Time taken: 14.107 seconds, Fetched: 1 row(s)

一共用了14.107s
  4、对user创建索引

hive> create index user_index on table user(id) 
    > as 'org.apache.hadoop.hive.ql.index.compact.CompactIndexHandler' 
    > with deferred rebuild
    > IN TABLE user_index_table;
hive> alter index user_index on user rebuild;
hive> select * from user_index_table limit 5; 
0       hdfs://mycluster/user/hive/warehouse/table02/000000_0   [0]
1       hdfs://mycluster/user/hive/warehouse/table02/000000_0   [352]
2       hdfs://mycluster/user/hive/warehouse/table02/000000_0   [704]
3       hdfs://mycluster/user/hive/warehouse/table02/000000_0   [1056]
4       hdfs://mycluster/user/hive/warehouse/table02/000000_0   [1408]
Time taken: 0.244 seconds, Fetched: 5 row(s)

这样就对user表创建好了一个索引。
  5、对创建索引后的user再进行测试

hive> select * from user where id =500000;
Total MapReduce jobs = 1
Launching Job 1 out of 1
Number of reduce tasks is set to 0 since there's no reduce operator
Cannot run job locally: Input Size (= 356888890) is larger than 
hive.exec.mode.local.auto.inputbytes.max (= 134217728)
Starting Job = job_1384246387966_0247, Tracking URL = 
http://l-datalogm1.data.cn1:9981/proxy/application_1384246387966_0247/
Kill Command=/home/q/hadoop/bin/hadoop job -kill job_1384246387966_0247
Hadoop job information for Stage-1: number of mappers:2; number of reducers:0
2013-11-13 15:23:12,336 Stage-1 map = 0%,  reduce = 0%
2013-11-13 15:23:53,240 Stage-1 map=50%,reduce=0%, Cumulative CPU 2.0 sec
2013-11-13 15:24:00,253 Stage-1 map=100%,reduce=0%, Cumulative CPU 5.27 sec
2013-11-13 15:24:01,650 Stage-1 map=100%,reduce=0%, Cumulative CPU 5.27 sec
MapReduce Total cumulative CPU time: 5 seconds 630 msec
Ended Job = job_1384246387966_0247
MapReduce Jobs Launched:
Job 0: Map: 2   Cumulative CPU: 5.63 sec   
HDFS Read: 361084006 HDFS Write: 357 SUCCESS
Total MapReduce CPU Time Spent: 5 seconds 630 msec
OK
500000 wyp.
Time taken: 13.042 seconds, Fetched: 1 row(s)

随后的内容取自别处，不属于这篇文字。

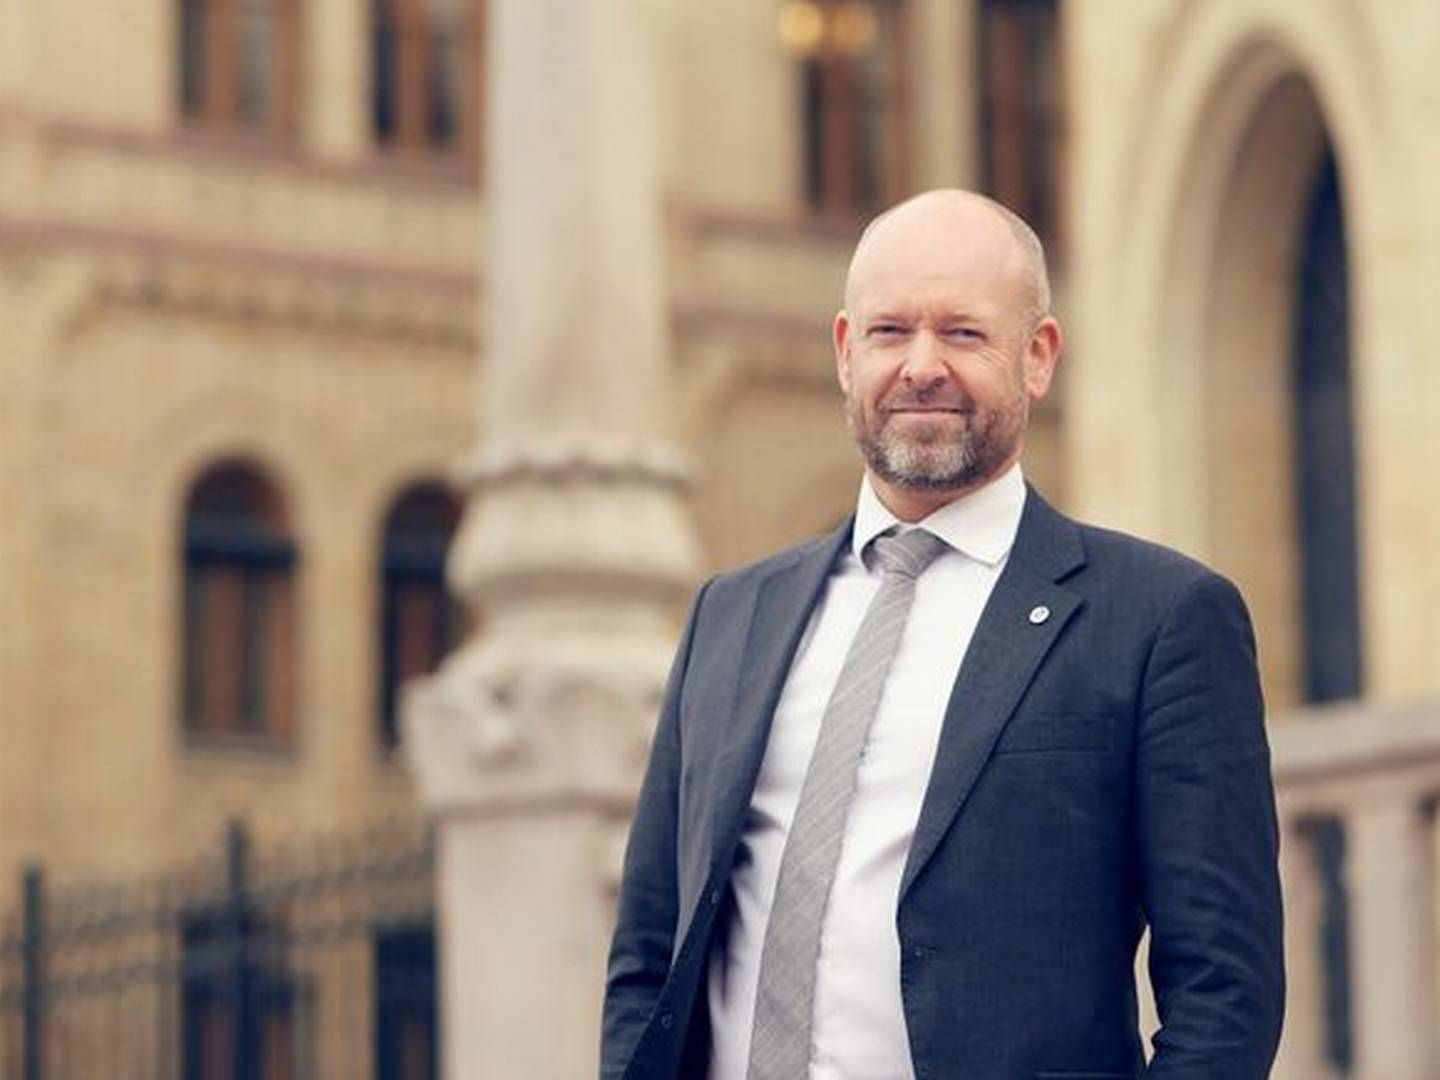 FORNØYD: Administrerende direktør Jørund Rytman er fornøyd med en god rapport fra SMBs juridiske utvalg | Photo: Susanne A. Finnes, SMB Norge

时间用了13.042s这和没有创建索引的效果差不多。

  在Hive创建索引还存在bug:如果表格的模式信息来自SerDe,Hive将不能创建索引:

hive> CREATE INDEX employees_index
    > ON TABLE employees (country)
    > AS 'org.apache.hadoop.hive.ql.index.compact.CompactIndexHandler'
    > WITH DEFERRED REBUILD
    > IDXPROPERTIES ('creator' = 'me','created_at' = 'some_time')
    > IN TABLE employees_index_table
    > COMMENT 'Employees indexed by country and name.';
FAILED: Error in metadata: java.lang.RuntimeException:             \
Check the index columns, they should appear in the table being indexed.
FAILED: Execution Error, return code 1 from                       \
org.apache.hadoop.hive.ql.exec.DDLTask

这个bug发生在Hive0.10.0、0.10.1、0.11.0,在Hive0.12.0已经修复了,详情请参见:https://issues.apache.org/jira/browse/HIVE-4251

本博客文章除特别声明,全部都是原创!
转载本文请加上:转载自过往记忆(https://www.iteblog.com/)
本文链接: 【Hive创建索引】(https://www.iteblog.com/archives/836.html)
喜欢 (13)
分享 (0)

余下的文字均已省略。